The American Left's failure to understand that there are people in this world who prefer freedom as championed by the U.S.A. to any workers' paradise isn't the only key point to have been lost in translation. As the Cleveland Plain Dealer reported, all those years Simonyi and his chums were listening to rock 'n' roll, much of it anti-American in spirit, they never knew the meaning of the lyrics. As Simonyi put it, "Most Hungarians didn't understand what these guys were singing about. The real power was in the music." Indeed, Simonyi titled his talk "Rocking for the Free World," a play on a 1989 Neil Young song, "Rocking in the Free World" -- a tune USA Today notes is "a savage attack on the policies of Ronald Reagan and the first President Bush ... (and) anything but a celebration of democracy."
Putting statesmen, chess games, arms races aside: A rational appraisal of rock 'n' roll as a social and cultural force at the very least tarnishes rock's place--yes, even The Boss's--in the history of the Cold War.
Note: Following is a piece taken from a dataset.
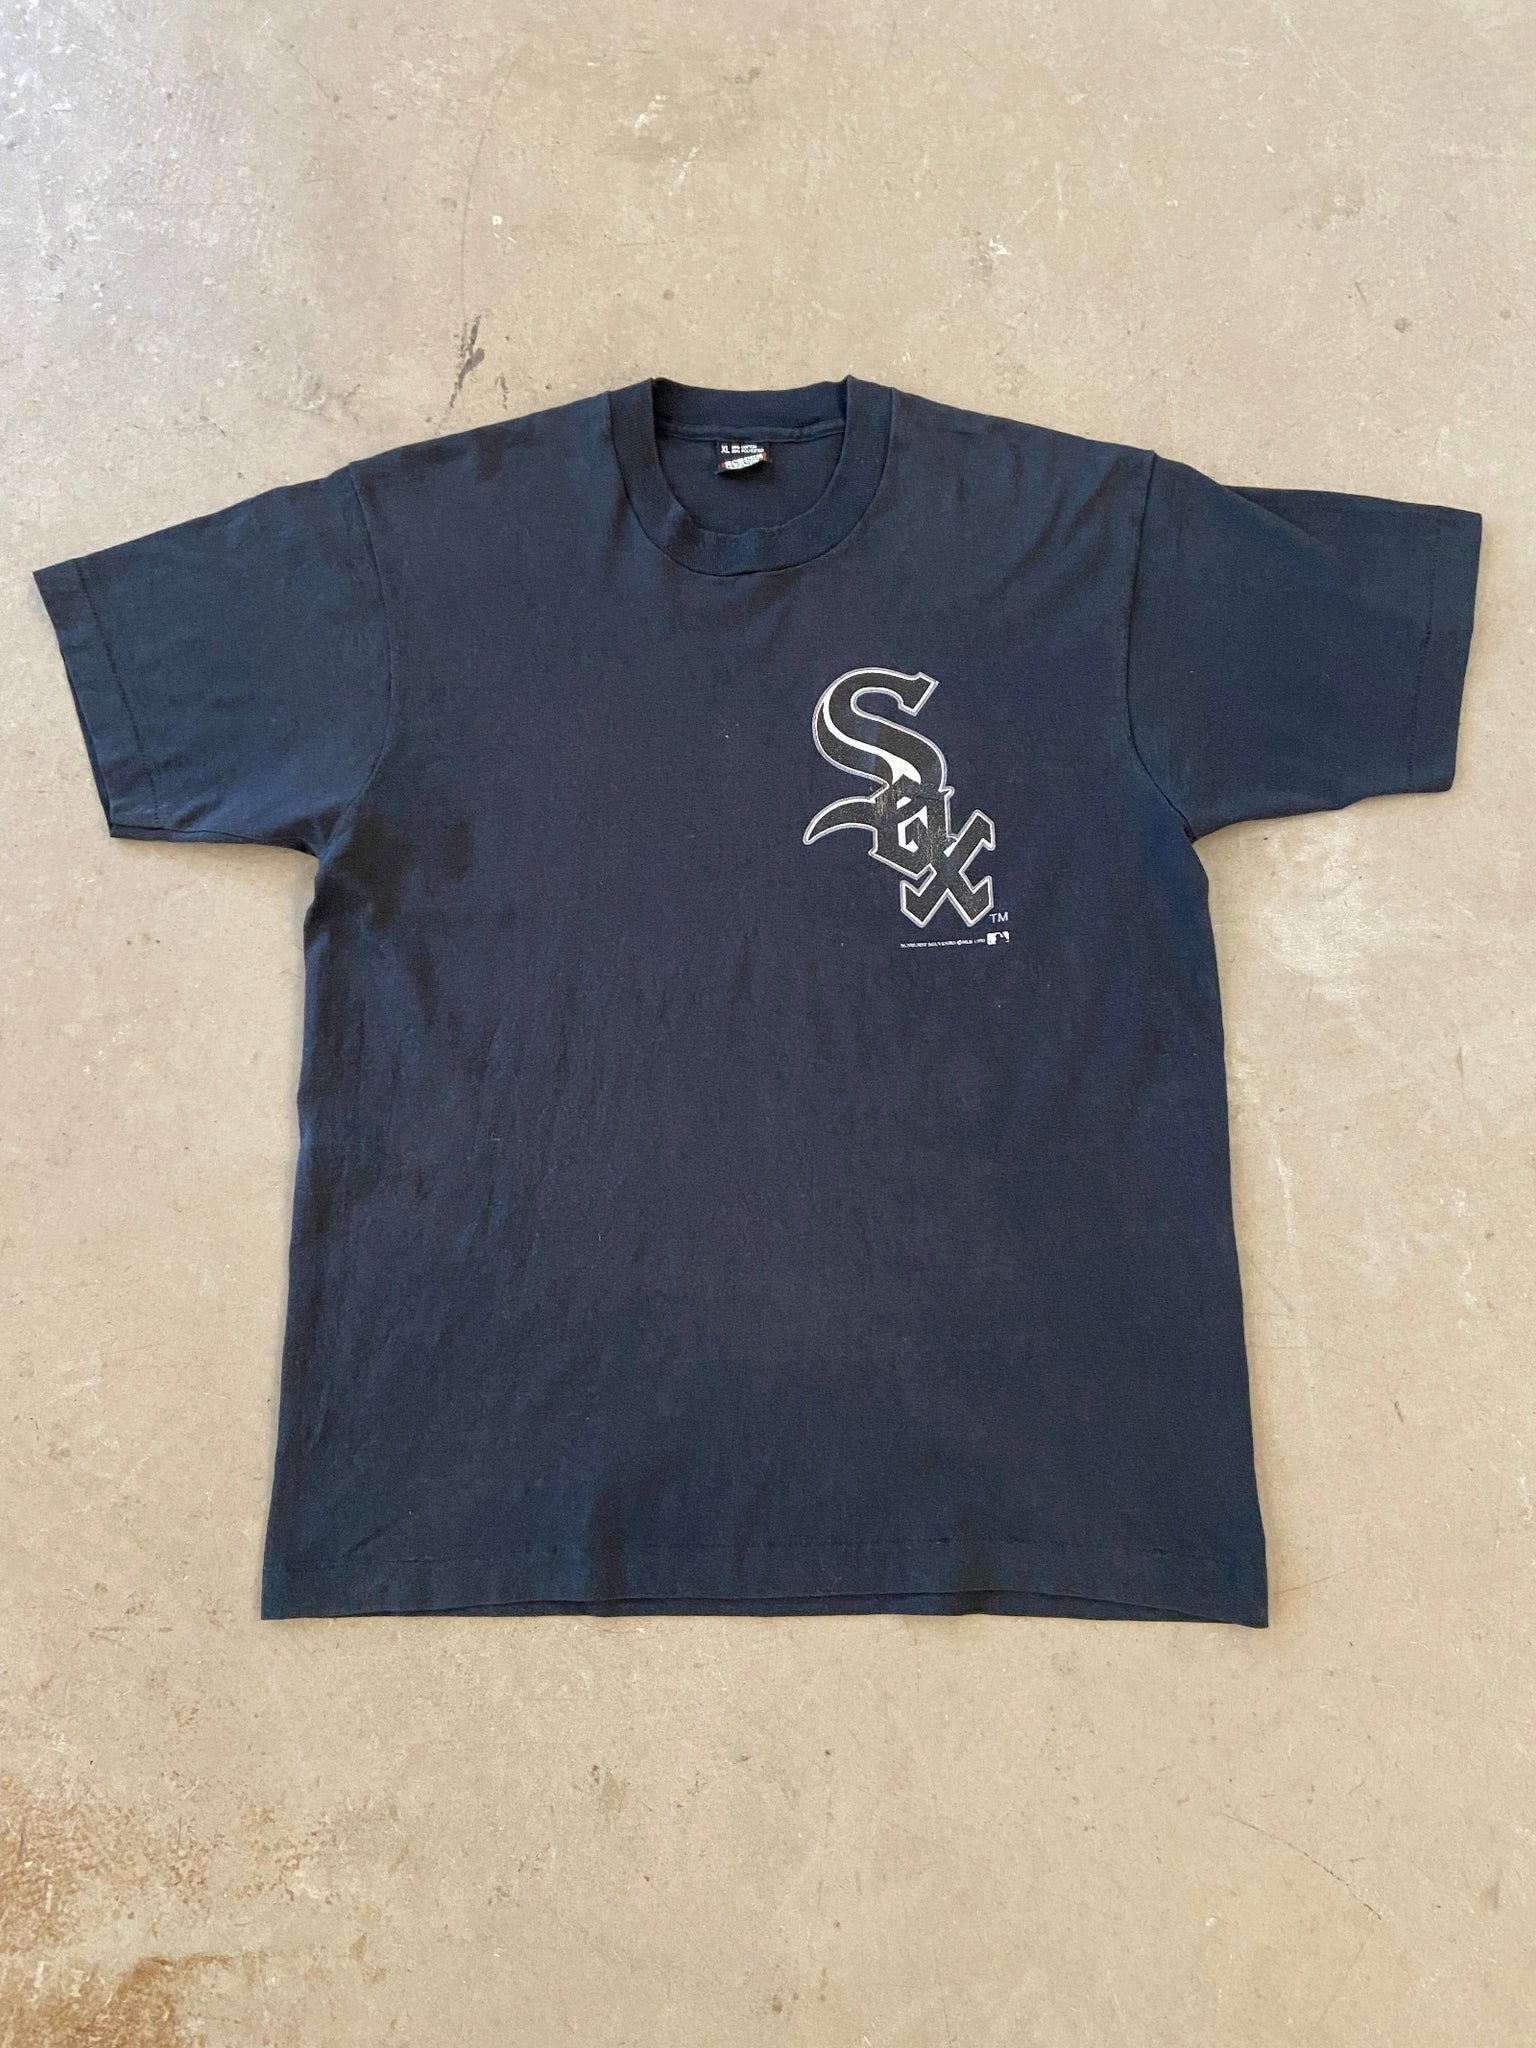 1990 Chicago White Sox T-shirt - XL
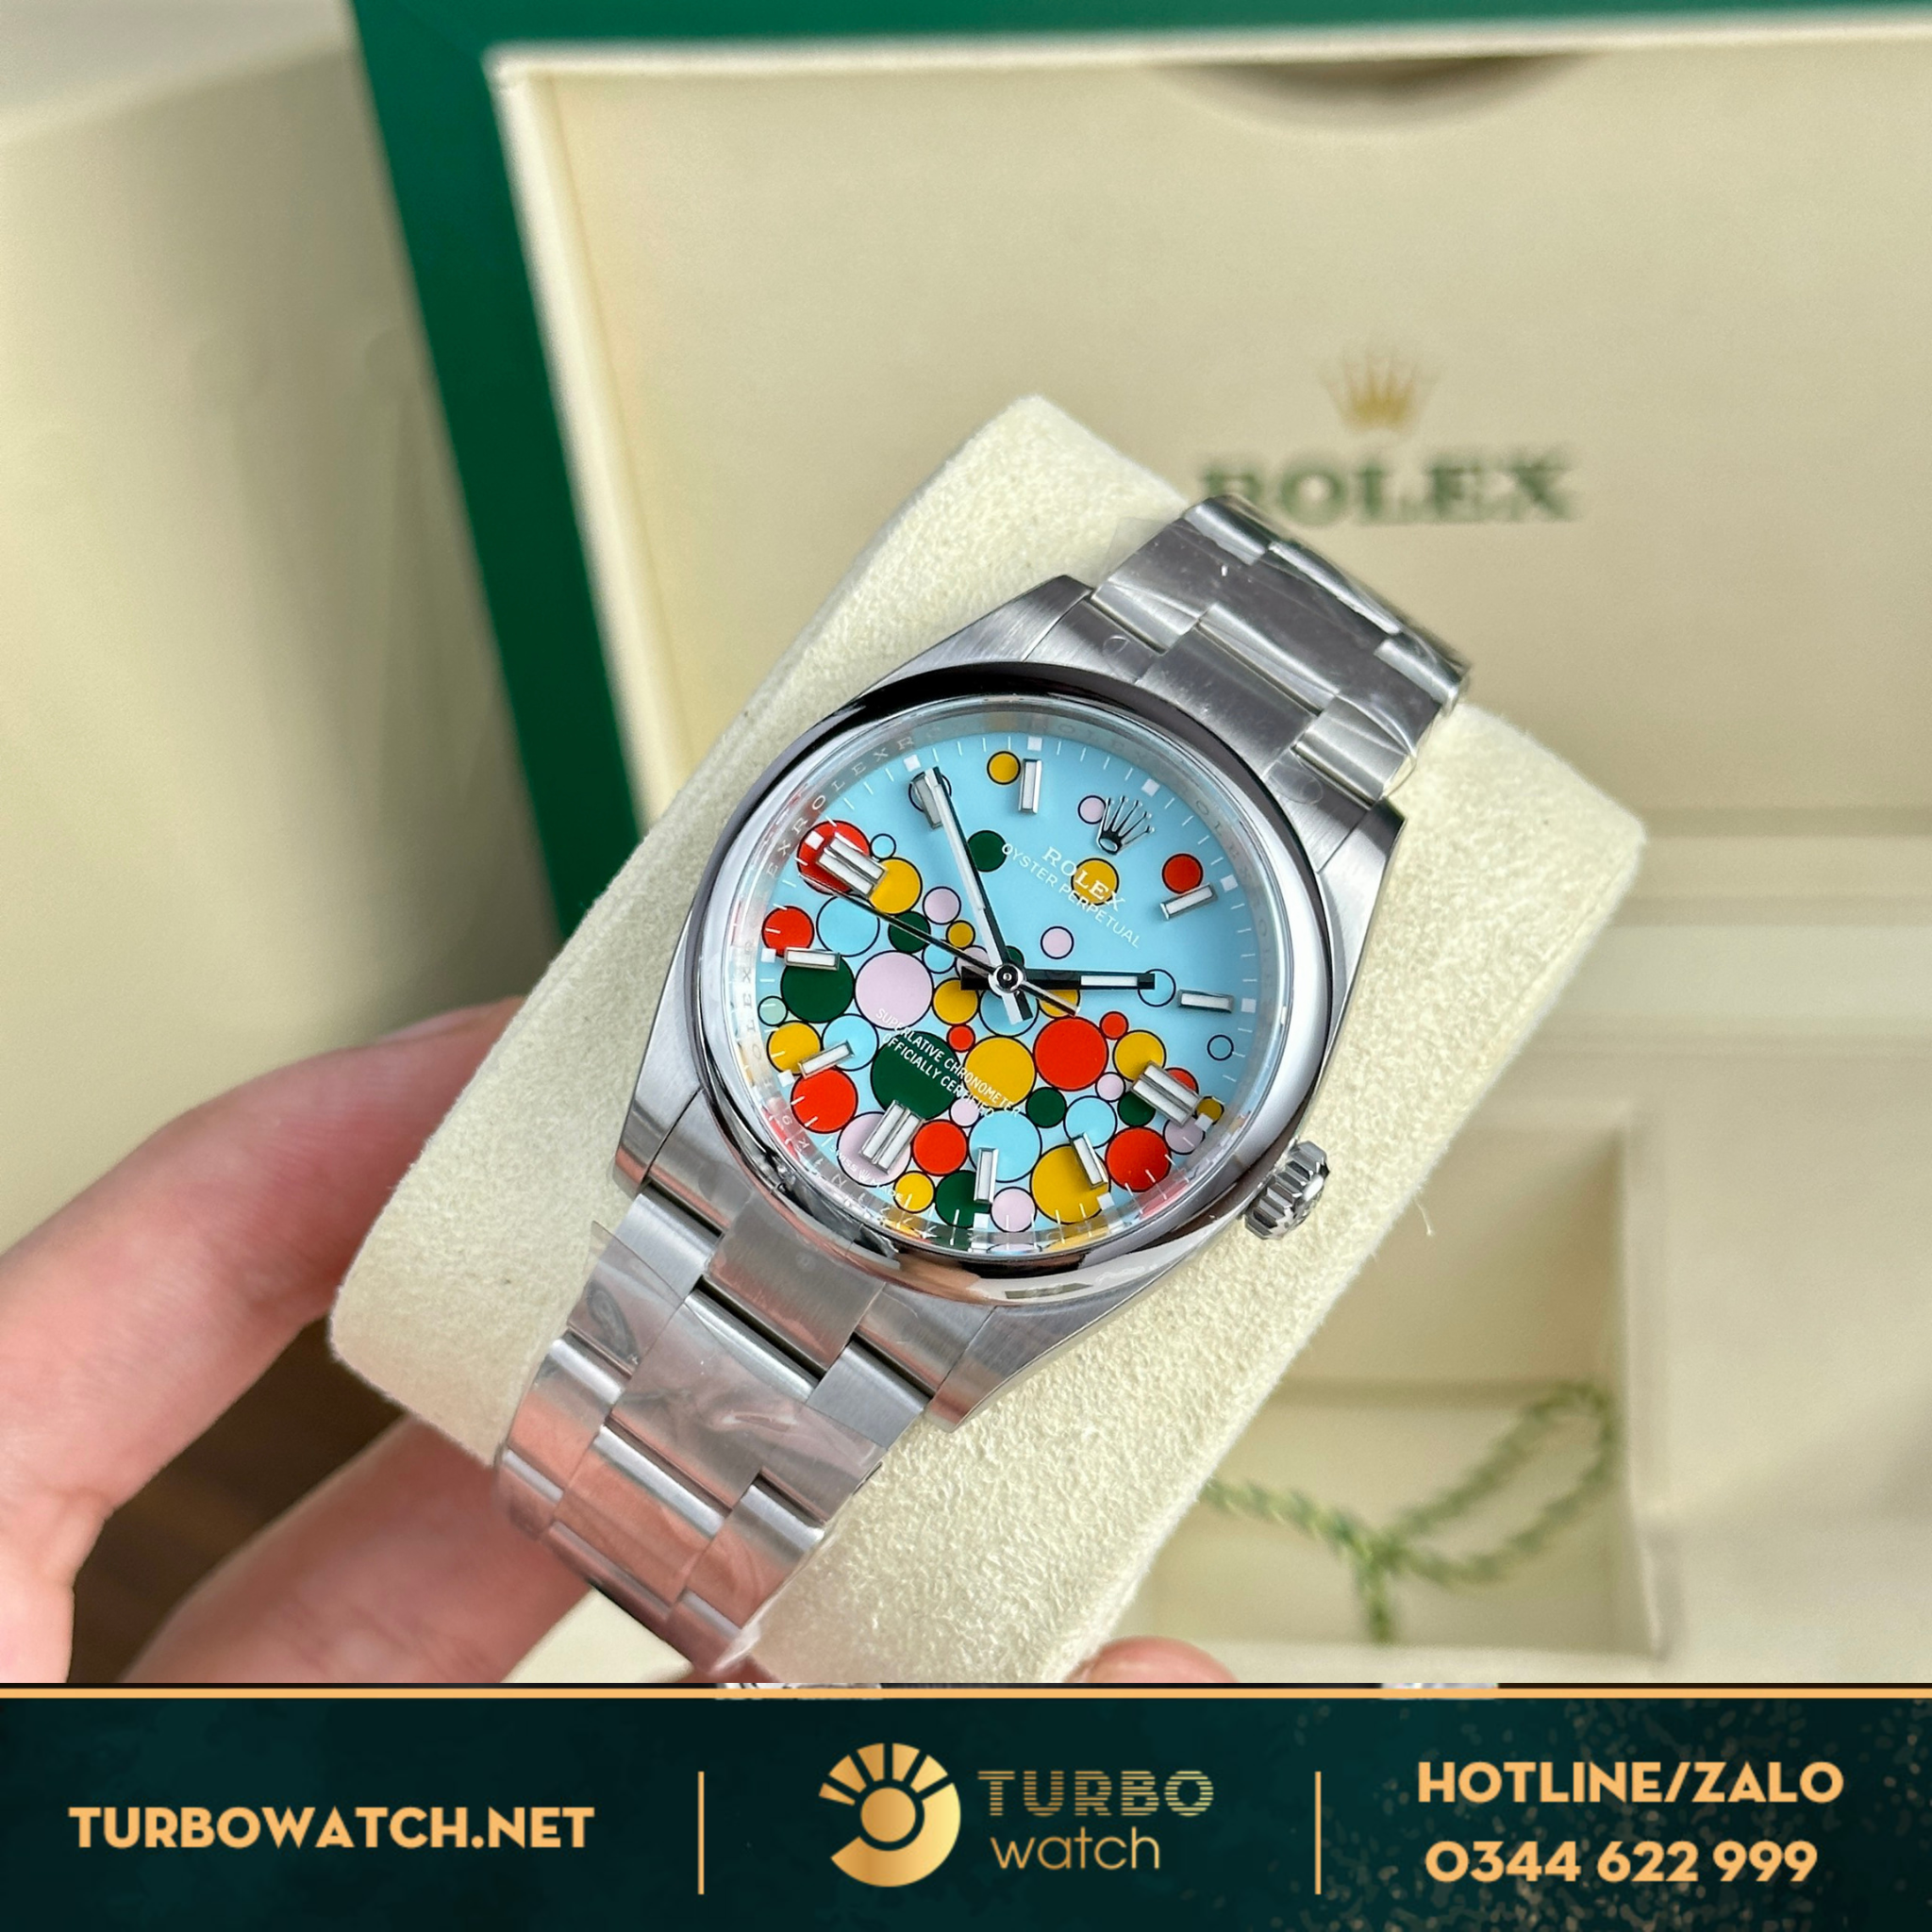 Đồng hồ Rolex Oyster Perpetual 126000 36mm mặt số xanh lam hoạ tiết celebration rep 1:1

Not that Reuters is much interested in hisory, which it hits in passing this way:
Other Americans had spoken out against the Wall in Berlin.
But both presidents John F. Kennedy in 1963 (”Ich bin ein Berliner”) and Ronald Reagan in 1987 (”Tear down this Wall”) gave their addresses in West Berlin. Springsteen delivered his words in the heart of East Berlin, where Communist East Germany had long portrayed the United States as a decadent and belligerent “class enemy.”
Well, so did Springsteen! And don't think the East Germans didn't notice. As Reuters also reports, looking back to Springsteen's 1988 concert:
There was even a positive advance review in the Neues Deutschland daily: “He attacks social wrongs and injustices in his homeland.”
This may make Springsteen the perfect Rock Warrior (and appropriate entertainment in the eyes of the already-doomed East German dictators), but it surely doesn't make him the man who tore down that wall.